▸ **What the task asks**: Extract each line of the data below exactly as written.

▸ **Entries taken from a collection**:

_ _ _ _

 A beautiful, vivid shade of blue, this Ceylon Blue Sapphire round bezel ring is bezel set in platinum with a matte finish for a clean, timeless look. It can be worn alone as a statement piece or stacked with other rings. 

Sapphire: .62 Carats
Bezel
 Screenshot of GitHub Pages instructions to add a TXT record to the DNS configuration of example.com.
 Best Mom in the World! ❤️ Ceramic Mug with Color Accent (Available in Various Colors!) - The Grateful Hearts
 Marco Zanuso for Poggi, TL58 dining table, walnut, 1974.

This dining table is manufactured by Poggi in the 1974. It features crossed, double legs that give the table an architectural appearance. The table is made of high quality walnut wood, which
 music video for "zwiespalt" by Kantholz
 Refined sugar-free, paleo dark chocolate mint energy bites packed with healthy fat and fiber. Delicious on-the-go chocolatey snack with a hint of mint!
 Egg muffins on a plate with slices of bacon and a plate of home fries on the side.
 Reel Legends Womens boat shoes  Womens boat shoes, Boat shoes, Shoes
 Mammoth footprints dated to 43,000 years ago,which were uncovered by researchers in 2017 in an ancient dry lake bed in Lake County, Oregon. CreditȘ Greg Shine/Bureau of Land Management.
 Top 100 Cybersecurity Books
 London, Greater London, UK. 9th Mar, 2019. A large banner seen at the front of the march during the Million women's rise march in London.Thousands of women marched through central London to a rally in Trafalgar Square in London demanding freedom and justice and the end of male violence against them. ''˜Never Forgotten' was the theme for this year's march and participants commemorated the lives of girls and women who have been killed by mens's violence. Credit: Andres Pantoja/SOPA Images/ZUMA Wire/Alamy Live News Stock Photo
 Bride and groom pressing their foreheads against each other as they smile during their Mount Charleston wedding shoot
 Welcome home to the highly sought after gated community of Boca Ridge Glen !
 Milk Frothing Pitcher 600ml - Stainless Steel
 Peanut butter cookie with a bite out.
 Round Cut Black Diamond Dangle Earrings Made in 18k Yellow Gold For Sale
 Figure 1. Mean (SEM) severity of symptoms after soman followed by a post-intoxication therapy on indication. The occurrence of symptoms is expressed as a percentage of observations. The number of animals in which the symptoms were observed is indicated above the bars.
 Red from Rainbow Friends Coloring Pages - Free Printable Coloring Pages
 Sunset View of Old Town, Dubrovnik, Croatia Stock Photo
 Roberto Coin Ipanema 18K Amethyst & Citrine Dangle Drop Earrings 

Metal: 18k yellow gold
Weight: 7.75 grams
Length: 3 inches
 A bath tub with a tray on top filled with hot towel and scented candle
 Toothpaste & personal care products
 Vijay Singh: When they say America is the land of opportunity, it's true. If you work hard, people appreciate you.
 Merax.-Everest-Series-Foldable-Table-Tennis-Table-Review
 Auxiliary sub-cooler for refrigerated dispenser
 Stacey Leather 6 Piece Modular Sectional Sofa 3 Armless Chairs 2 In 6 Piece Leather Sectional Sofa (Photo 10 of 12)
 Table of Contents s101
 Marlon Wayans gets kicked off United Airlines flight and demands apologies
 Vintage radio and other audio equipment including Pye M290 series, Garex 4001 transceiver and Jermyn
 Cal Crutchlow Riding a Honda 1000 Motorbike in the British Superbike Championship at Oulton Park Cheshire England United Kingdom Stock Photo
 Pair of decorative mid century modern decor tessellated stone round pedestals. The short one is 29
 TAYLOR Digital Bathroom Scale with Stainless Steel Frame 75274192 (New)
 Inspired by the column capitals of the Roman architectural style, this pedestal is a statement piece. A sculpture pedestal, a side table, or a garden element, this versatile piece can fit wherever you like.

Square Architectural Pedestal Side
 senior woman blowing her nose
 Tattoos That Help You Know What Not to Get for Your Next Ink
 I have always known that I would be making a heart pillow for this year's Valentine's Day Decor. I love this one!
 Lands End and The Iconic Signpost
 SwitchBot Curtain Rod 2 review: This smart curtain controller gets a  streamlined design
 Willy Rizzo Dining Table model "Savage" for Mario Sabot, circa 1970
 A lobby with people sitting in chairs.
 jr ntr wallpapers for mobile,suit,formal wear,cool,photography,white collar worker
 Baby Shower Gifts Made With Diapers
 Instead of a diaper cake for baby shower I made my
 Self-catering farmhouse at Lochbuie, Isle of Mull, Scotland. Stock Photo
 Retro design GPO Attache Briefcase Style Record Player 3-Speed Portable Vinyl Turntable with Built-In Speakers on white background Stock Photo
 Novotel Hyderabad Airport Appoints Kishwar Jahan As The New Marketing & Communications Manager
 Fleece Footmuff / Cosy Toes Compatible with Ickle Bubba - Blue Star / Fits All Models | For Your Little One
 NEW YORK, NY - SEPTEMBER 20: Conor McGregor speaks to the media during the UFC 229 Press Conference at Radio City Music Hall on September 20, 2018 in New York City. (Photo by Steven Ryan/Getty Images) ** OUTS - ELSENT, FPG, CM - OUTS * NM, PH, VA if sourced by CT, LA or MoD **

_ _ _ _

▸ **Exercise answer**:
 A beautiful, vivid shade of blue, this Ceylon Blue Sapphire round bezel ring is bezel set in platinum with a matte finish for a clean, timeless look. It can be worn alone as a statement piece or stacked with other rings. 

Sapphire: .62 Carats
Bezel
 Screenshot of GitHub Pages instructions to add a TXT record to the DNS configuration of example.com.
 Best Mom in the World! ❤️ Ceramic Mug with Color Accent (Available in Various Colors!) - The Grateful Hearts
 Marco Zanuso for Poggi, TL58 dining table, walnut, 1974.

This dining table is manufactured by Poggi in the 1974. It features crossed, double legs that give the table an architectural appearance. The table is made of high quality walnut wood, which
 music video for "zwiespalt" by Kantholz
 Refined sugar-free, paleo dark chocolate mint energy bites packed with healthy fat and fiber. Delicious on-the-go chocolatey snack with a hint of mint!
 Egg muffins on a plate with slices of bacon and a plate of home fries on the side.
 Reel Legends Womens boat shoes  Womens boat shoes, Boat shoes, Shoes
 Mammoth footprints dated to 43,000 years ago,which were uncovered by researchers in 2017 in an ancient dry lake bed in Lake County, Oregon. CreditȘ Greg Shine/Bureau of Land Management.
 Top 100 Cybersecurity Books
 London, Greater London, UK. 9th Mar, 2019. A large banner seen at the front of the march during the Million women's rise march in London.Thousands of women marched through central London to a rally in Trafalgar Square in London demanding freedom and justice and the end of male violence against them. ''˜Never Forgotten' was the theme for this year's march and participants commemorated the lives of girls and women who have been killed by mens's violence. Credit: Andres Pantoja/SOPA Images/ZUMA Wire/Alamy Live News Stock Photo
 Bride and groom pressing their foreheads against each other as they smile during their Mount Charleston wedding shoot
 Welcome home to the highly sought after gated community of Boca Ridge Glen !
 Milk Frothing Pitcher 600ml - Stainless Steel
 Peanut butter cookie with a bite out.
 Round Cut Black Diamond Dangle Earrings Made in 18k Yellow Gold For Sale
 Figure 1. Mean (SEM) severity of symptoms after soman followed by a post-intoxication therapy on indication. The occurrence of symptoms is expressed as a percentage of observations. The number of animals in which the symptoms were observed is indicated above the bars.
 Red from Rainbow Friends Coloring Pages - Free Printable Coloring Pages
 Sunset View of Old Town, Dubrovnik, Croatia Stock Photo
 Roberto Coin Ipanema 18K Amethyst & Citrine Dangle Drop Earrings 

Metal: 18k yellow gold
Weight: 7.75 grams
Length: 3 inches
 A bath tub with a tray on top filled with hot towel and scented candle
 Toothpaste & personal care products
 Vijay Singh: When they say America is the land of opportunity, it's true. If you work hard, people appreciate you.
 Merax.-Everest-Series-Foldable-Table-Tennis-Table-Review
 Auxiliary sub-cooler for refrigerated dispenser
 Stacey Leather 6 Piece Modular Sectional Sofa 3 Armless Chairs 2 In 6 Piece Leather Sectional Sofa (Photo 10 of 12)
 Table of Contents s101
 Marlon Wayans gets kicked off United Airlines flight and demands apologies
 Vintage radio and other audio equipment including Pye M290 series, Garex 4001 transceiver and Jermyn
 Cal Crutchlow Riding a Honda 1000 Motorbike in the British Superbike Championship at Oulton Park Cheshire England United Kingdom Stock Photo
 Pair of decorative mid century modern decor tessellated stone round pedestals. The short one is 29
 TAYLOR Digital Bathroom Scale with Stainless Steel Frame 75274192 (New)
 Inspired by the column capitals of the Roman architectural style, this pedestal is a statement piece. A sculpture pedestal, a side table, or a garden element, this versatile piece can fit wherever you like.

Square Architectural Pedestal Side
 senior woman blowing her nose
 Tattoos That Help You Know What Not to Get for Your Next Ink
 I have always known that I would be making a heart pillow for this year's Valentine's Day Decor. I love this one!
 Lands End and The Iconic Signpost
 SwitchBot Curtain Rod 2 review: This smart curtain controller gets a  streamlined design
 Willy Rizzo Dining Table model "Savage" for Mario Sabot, circa 1970
 A lobby with people sitting in chairs.
 jr ntr wallpapers for mobile,suit,formal wear,cool,photography,white collar worker
 Baby Shower Gifts Made With Diapers
 Instead of a diaper cake for baby shower I made my
 Self-catering farmhouse at Lochbuie, Isle of Mull, Scotland. Stock Photo
 Retro design GPO Attache Briefcase Style Record Player 3-Speed Portable Vinyl Turntable with Built-In Speakers on white background Stock Photo
 Novotel Hyderabad Airport Appoints Kishwar Jahan As The New Marketing & Communications Manager
 Fleece Footmuff / Cosy Toes Compatible with Ickle Bubba - Blue Star / Fits All Models | For Your Little One
 NEW YORK, NY - SEPTEMBER 20: Conor McGregor speaks to the media during the UFC 229 Press Conference at Radio City Music Hall on September 20, 2018 in New York City. (Photo by Steven Ryan/Getty Images) ** OUTS - ELSENT, FPG, CM - OUTS * NM, PH, VA if sourced by CT, LA or MoD **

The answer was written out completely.